On Sirkka Turkka

Issue 2/1982 | Archives online, Authors

Sirkka Turkka

Sirkka Turkka. Photo: Pertti Nisonen

1.

I met Sirkka Turkka towards the end of the sixties; she was a friend of a girl-friend of mine.

We called her Hemuli. Not that she bore any resemblance to the Hemulen of the Moomin books, but she did view the world with the same charitable curiosity as some of Tove Jansson’s immortal characters.

In the evenings Hemuli would speak with wit and wisdom, as the sky darkened, then paled towards dawn. Her words were spontaneous: she talked of nature, of the city, always with a gentle understanding, a compelling magic which dissolved ideas into music, full of a sad beauty, echoes of loneliness, painful and happy memories. She looked life straight in the eye, without illusions.

What I’m saying, Sirkka Turkka was a master of the spoken word. She was a story-teller, a ballad-singer, a reciter of epic tales, creating literature of a kind no longer recognized as literature.

2.

Hemuli was 34 in 1973 when her first book, Huone avaruudessa (‘A room in space’), was published; and she was hailed as a talented new poet, an astonishingly mature writer.

This first book was not, however, her first work. Hemuli’s early creations are lost, save in the memory of her friends – those long conversations. She began to turn to written literature in the early 1970s.

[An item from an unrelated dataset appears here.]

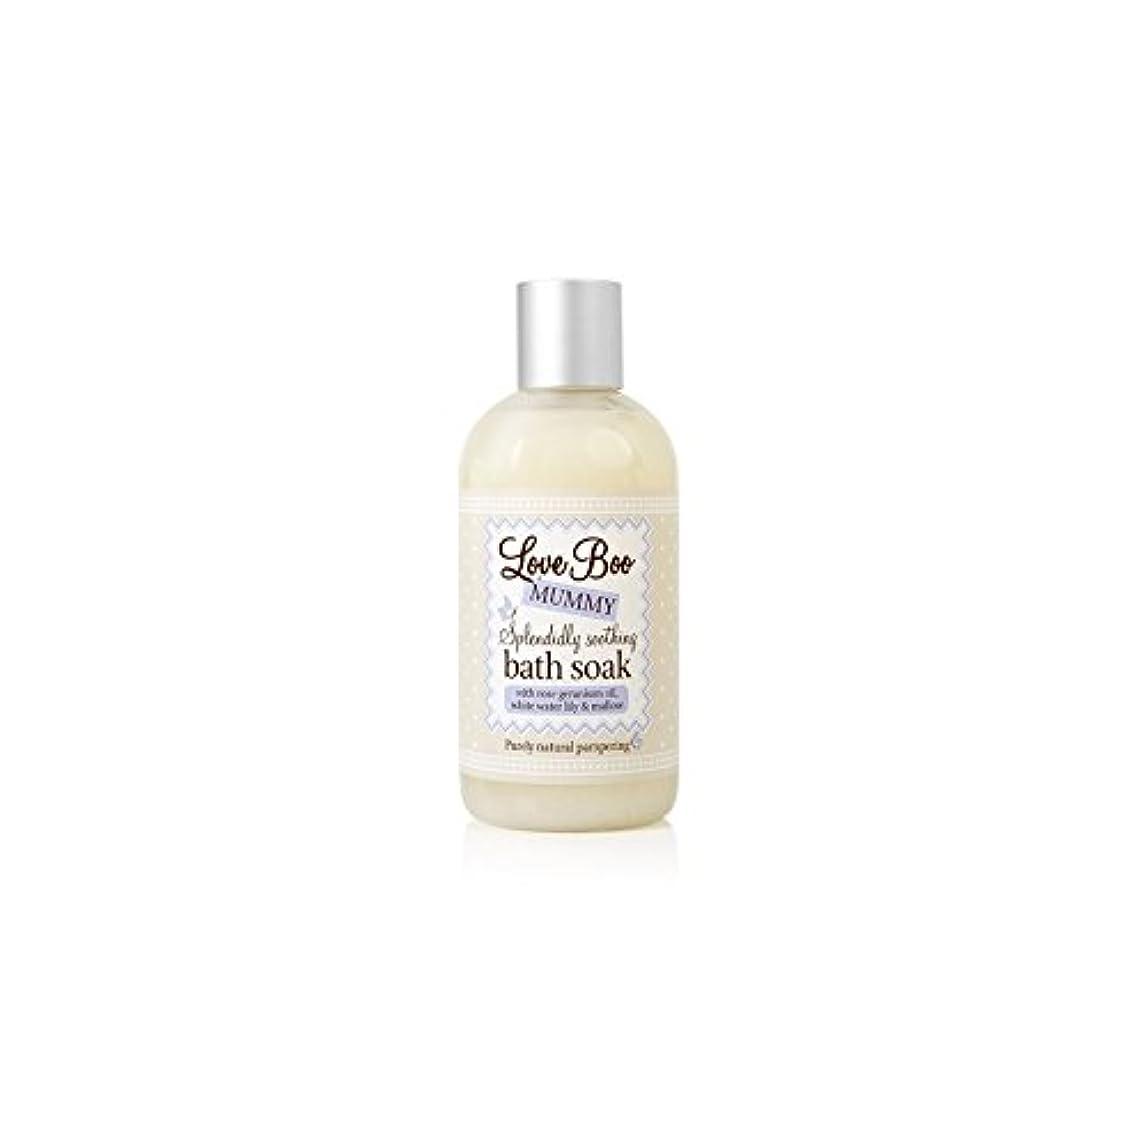 コンプライアンス季節買い手ブーイング見事なだめるようなお風呂が大好き(250ミリリットル)を浸します x4 - Love Boo Splendidly Soothing Bath Soak (250ml) (Pack of 4) [並行輸入品]

Finland is a country obsessed with age: middle age, for instance, is not what it is in Webster’s Second Edition: ‘the time of life between about 40 and about 60,’ but the period between the ages of 31 and 42, or 48.

The fact that Sirkka Turkka’s first book appeared when she was 34 should not be taken to imply that she was a late starter.

She doesn’t worry about age, status or any other labels; her reason for writing is not that she pretends to the way of life of a writer. It was through speaking that she found her authentic voice; only later did she learn to express herself in writing. And to love it.

3.

The spoken language is the natural way for people to communicate, the software of human intercourse.

The written language is the hardware. It is the instrument of power. Since the time of the earliest agrarian societies, and right down to our post-industrial era, writing has defined our laws, our edicts, our possessions: many of the earliest written texts were warehouse inventories, incised in clay.

This being the way it was and is, one of the functions of literature is to mediate between the spoken and written language: literature is seen to take on new life every time it succeeds in recapturing the gestures of the spoken language, the ease of natural communication.

Mediocre writers are apt to claim that they began to write because they had difficulty in expressing themselves in speech. Sirkka Turkka is not one of them. She is an innate master of language: her voice is, in her books as in her life, agile, perceptive, receptive, persuasive.

4.

Sirkka Turkka is a lyricist who writes dramatically moving epic. This is no mere flattery on my part. This is a statement of fact: it makes little sense to try to categorize her.

She is a north-east European nomad, a black sheep who is her own capable shepherd.

Her controlled unpredictability, the sombre stream of consciousness, recalls certain celebrated writers, emigrés from German-speaking Europe or from Ireland; or perhaps it is more relevant to compare her work to the music of Olivier Messiaen – her distinctly personal tonal language formed precisely by clear mystical feeling, infused with romantic and impressionistic elements.

Or again, the rhythmical vividness of her books brings to mind this century’s Latin-American writers; or perhaps more, the music of Heitor Villa-Lobos – with her cunning use of dissonance, with polyrhythmic structures of the greatest complexity, and unity.

No, neat definitions and learned comparisons do not capture Sirkka Turkka’s clear, direct voice: it is too elusive. It strikes too close to the heart.